EleFits  4.0.0
A modern C++ API on top of CFitsIO
Software design

Purpose and scope

The purpose of this page is to describe the internal implementation of EleFits. Usage of the API is described in the main pages of this documentation. When implementation and usage are titghly coupled, links are provided to get the user point-of-view.

Library organization

Layers

The package is split in two layers:

  • A high-level object-oriented layer (namespace Fits, see below) which aims at handling Fits files and their contents with an as-simple-as-possible modern API:
    • The file structure is mapped to a class tree (file, HDUs, records and co. are represented by dedicated classes),
    • Data classes represent the data contents of the file,
    • Service classes provide access to each node of the file structure;
  • A low-level procedural layer (namespace Cfitsio, see below) which consists in C++ wrapper functions of selected CFitsIO functions, not intended to end-users:
    • C arrays are wrapped with aforementioned data classes,
    • The use of raw pointers is limited to fitsfile*, which is itself wrapped in the service classes,
    • Templates wrap the CFitsIO type codes,
    • Exceptions wrap the CFitsIO error codes.

Namespaces

The API is organized in namespaces as follows:

  • Euclid is the top level namespace, which contains everything;
  • Cfitsio corresponds to the low-level layer module:
  • Fits is the end-user namespace:
    • Data classes and service classes are implemented in it,
    • Fits::Test contains test helper classes and functions like fixtures;
  • Whatever the level, Internal namespaces contain implementation details, not displayed to the end-user.

Modules

This translates into the following set of modules:

  • EleFitsData contains basic data-storage structures: Records, binary table columns and image rasters are implemented as light structures to abstract from CFitsIO (void) raw pointers; See Data classes for more details on their API and usage.
  • EleCfitsioWrapper is the low-level layer: The set of CFitsIO functions are wrapped in C++ functions to secure memory usage, ease type handling through templates, and throw exceptions instead of returning error codes; Yet, this API is not meant for end-users: it exposes the fitsfile* type and is still a bit verbose and cumbersome.
  • EleFits exposes the end-user API: It provides set of read-write services in dedicated classes; See File and HDU handlers for more details.
  • EleFitsExamples provides examples! Among others, the module compares CFitsIO, EleCfitsioWrapper and EleFits implementations of the same program, which demonstrates the reading and writing of records, images and binary tables with the three APIs; Of course, this is also where the tutorial is implemented.
  • EleFitsValidation contains validation executables:
    • Generator programs allow creating dummy Fits files from scratch;
    • The performances of EleFits are compared to those of CFitsIO;
    • A validation script checks that all of the provided programs run smoothly.

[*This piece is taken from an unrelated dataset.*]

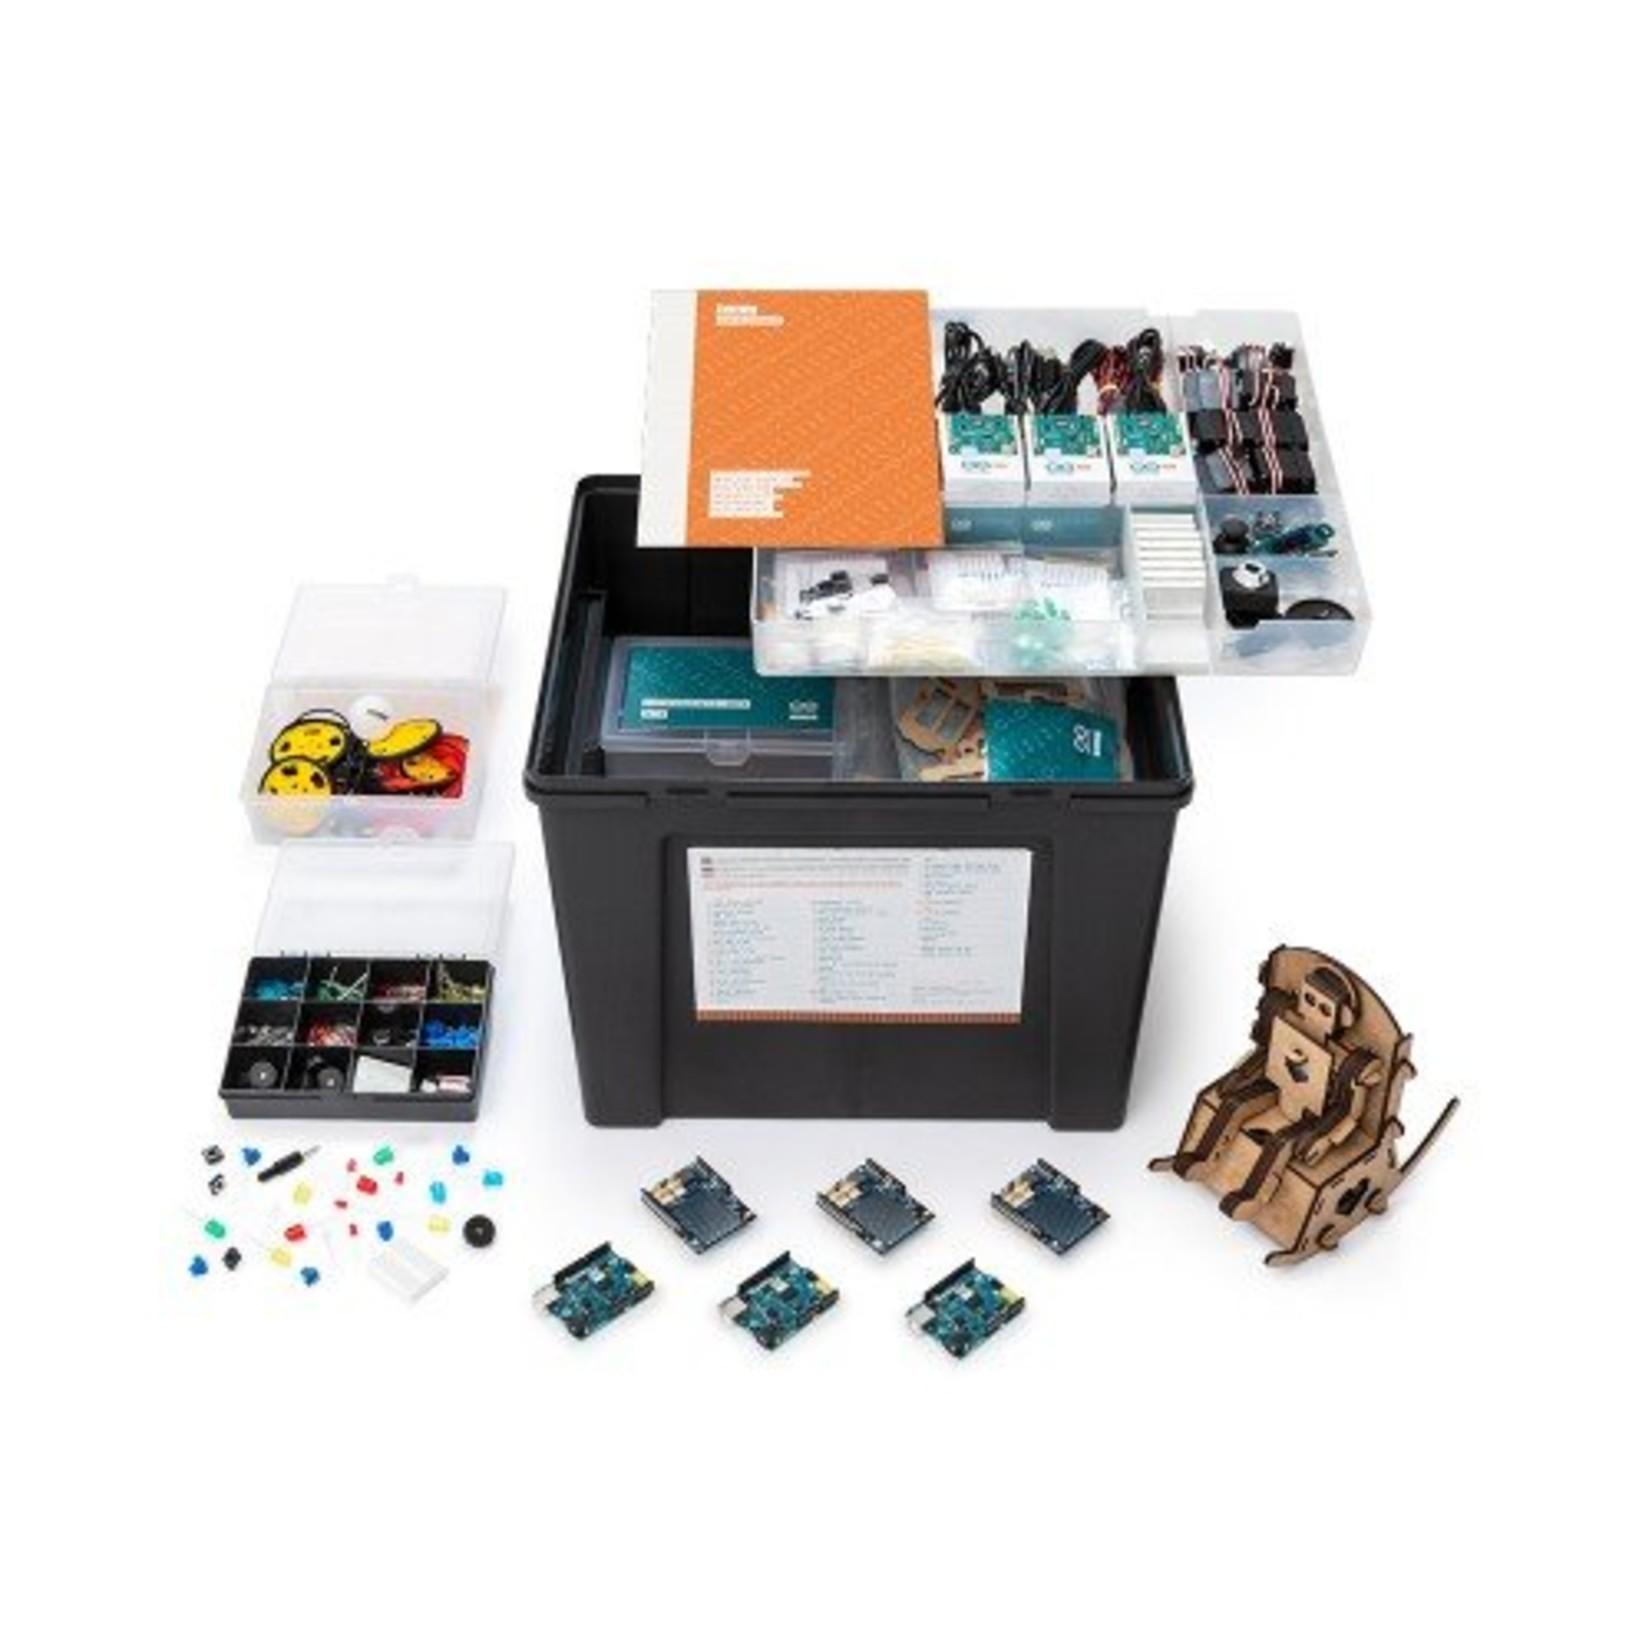 ARDUINO ARDUINO CTC 101 - modular STEAM projects - FulL

Auxiliary classes, like exceptions, which are useful to both EleCfitsioWrapper and EleFits are implemented in EleFitsData.

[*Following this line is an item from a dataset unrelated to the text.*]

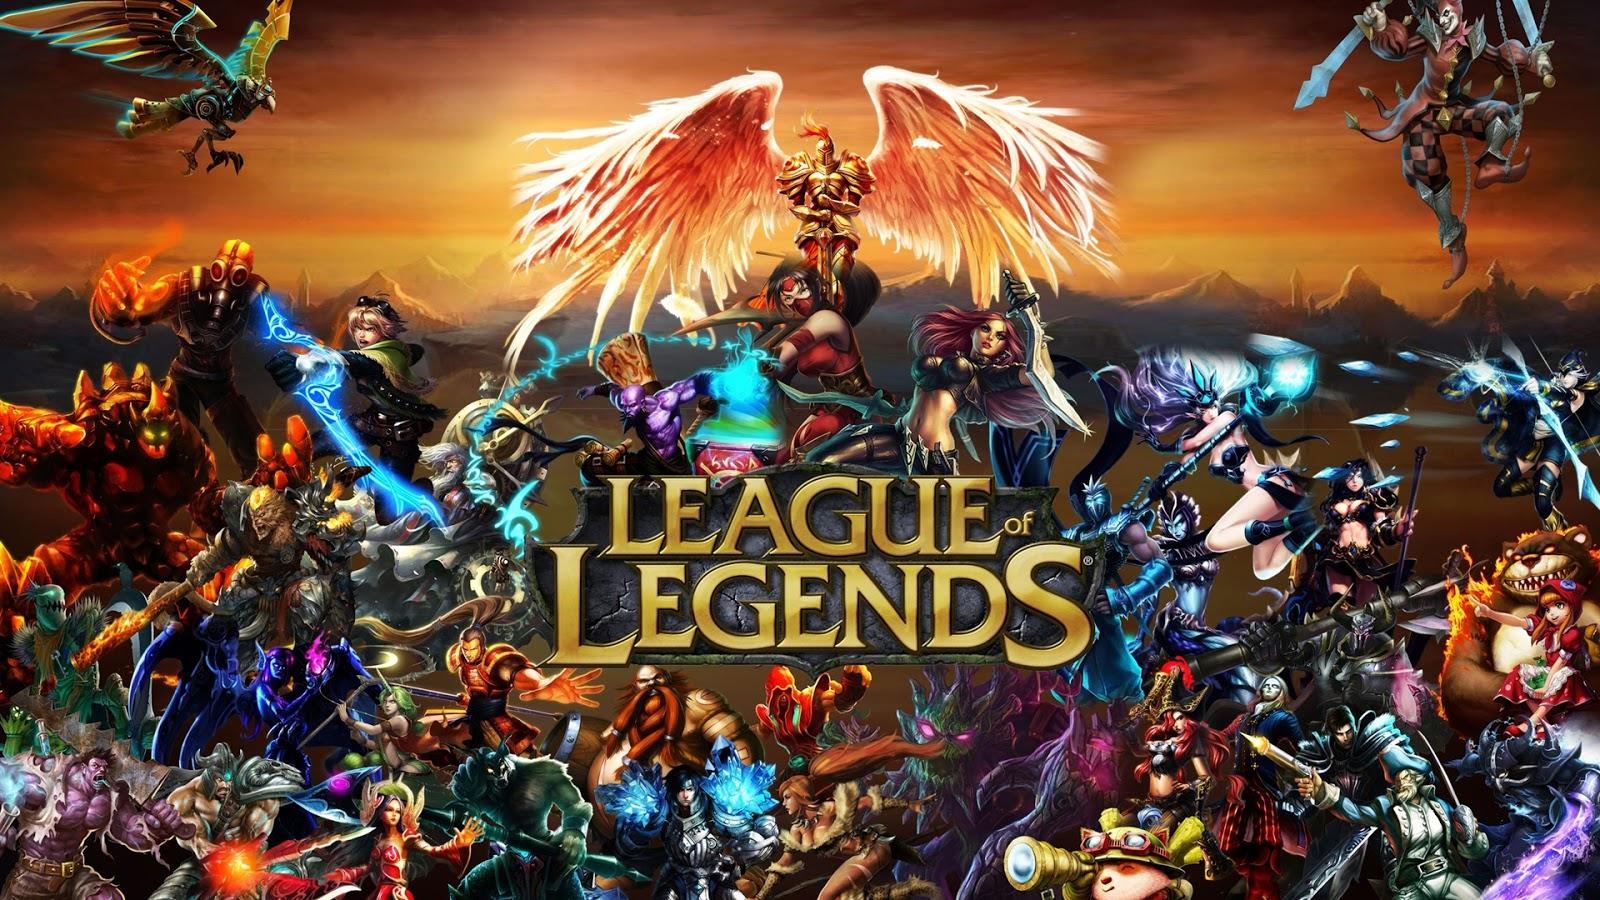 league of legends wallpapers hd 1080p 1600x900

The general organization of the free functions, data classes and service classes in modules is illustrated below in the form of a class diagram.

Source files

Inside each module, the source files are organized as follows:

  • The declarations are in files with .h extension in a folder named after the module;
  • The inline (inc. template) definitions are in files with .hpp extension in a subfolder impl of the header folder;
  • The other library definitions are in files with .cpp extension in the folder src/lib;
  • Tests are implemented in the folder tests/src, in files with _test suffix and .cpp extension;
  • The programs are implemented in .cpp files in the folder src/program.

Type codes

Overview

Simple things first:

  • Indices and lengths are implemented as longs instead of std::size_ts (see On types rationale).
  • Strings are generally handled as std::string; additionally, a few shortcuts with const char * are provided; In the latter case, a std::string version is still provided.

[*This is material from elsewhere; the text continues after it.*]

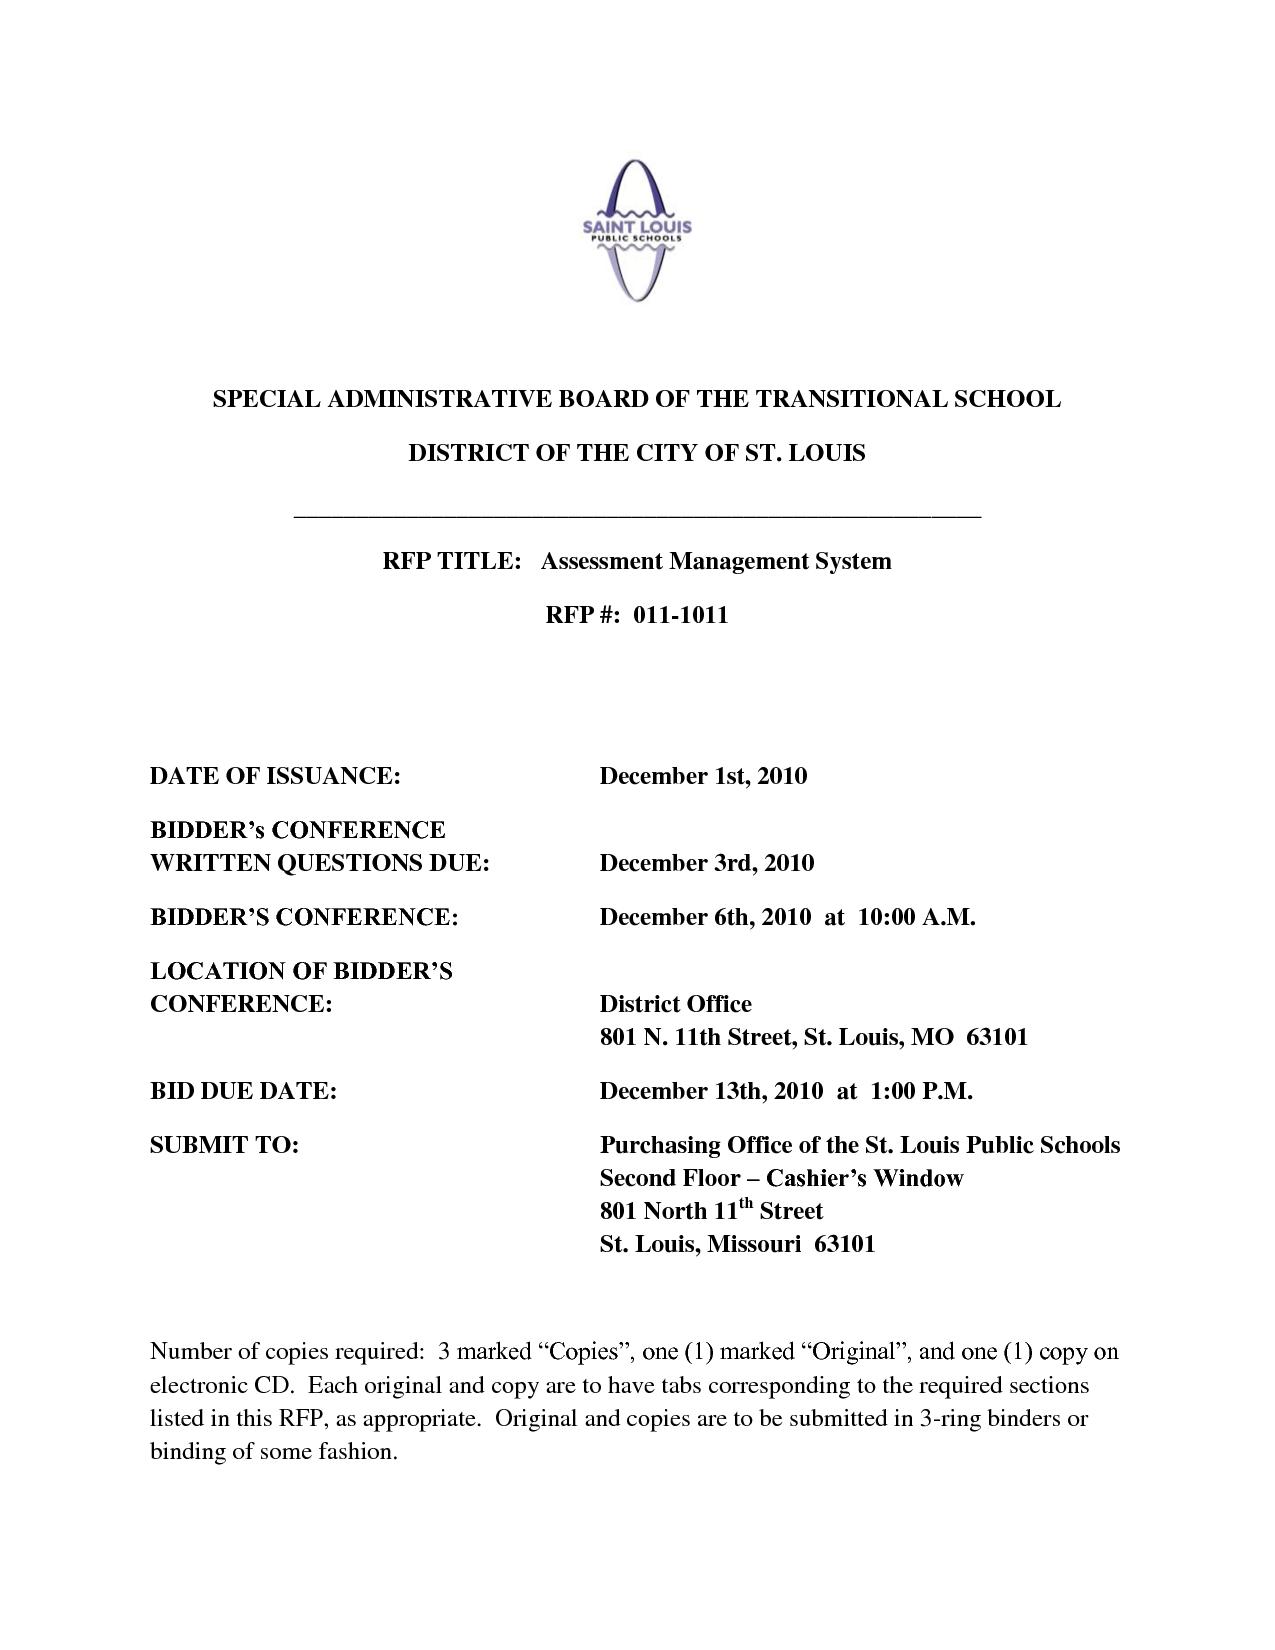 Free Printable Resume Template Http Www Resumecareer Info Free

As for the binary parts of Fits files (image and binary table data), the mapping is not straightforward. CFitsIO functions are not consistent with this respect: half of them work with built-in types (e.g. CFitsIO type code TSHORT corresponds to short) and the other half with fixed types (e.g. CFitsIO type code SHORT_IMG corresponds to std::int16_t). Check the CFitsIO type mapping table for more details. This makes the user responsible of knowing the underlying architecture, or to spend runtime in conversions at each reading and writing operation.

Type code handling

One of the main purposes of EleFits is to abstract from type codes, and to provide homogeneous template functions. This is implemented as type traits in class Cfitsio::TypeCode, which provides one method per column of the CFitsIO type mapping table. Template specialization are made with built-in types or fixed types depending on what the CFitsIO functions expect. For example, TSHORT is TypeCode<short>::forImage() and SHORT_IMG is TypeCode<std::int16_t>::bitpix().

Note
Internally, CFitsIO does the opposite when working with built-in types: it detects the length of those types and selects the appropriate fixed type. Therefore, a possible improvement would be to bypass top-level CFitsIO functions, and avoid casting fixed types to built-ins and back. Yet, the runtime benefit is expected to be minimal for such a costly development effort (see benchmark results).

Specific types: strings

As stated above, strings are represented with std::string, while CFitsIO is using const char * or even char *. Most of the template functions are therefore specialized for std::string. It is thus required to specialize reading and writing methods for strings. Moreover, strings are treated very differently from other types in binary table columns: they are considered by CFitsIO like scalar columns with a repeat count greater than one. Therefore, Fits::Column methods are also specialized.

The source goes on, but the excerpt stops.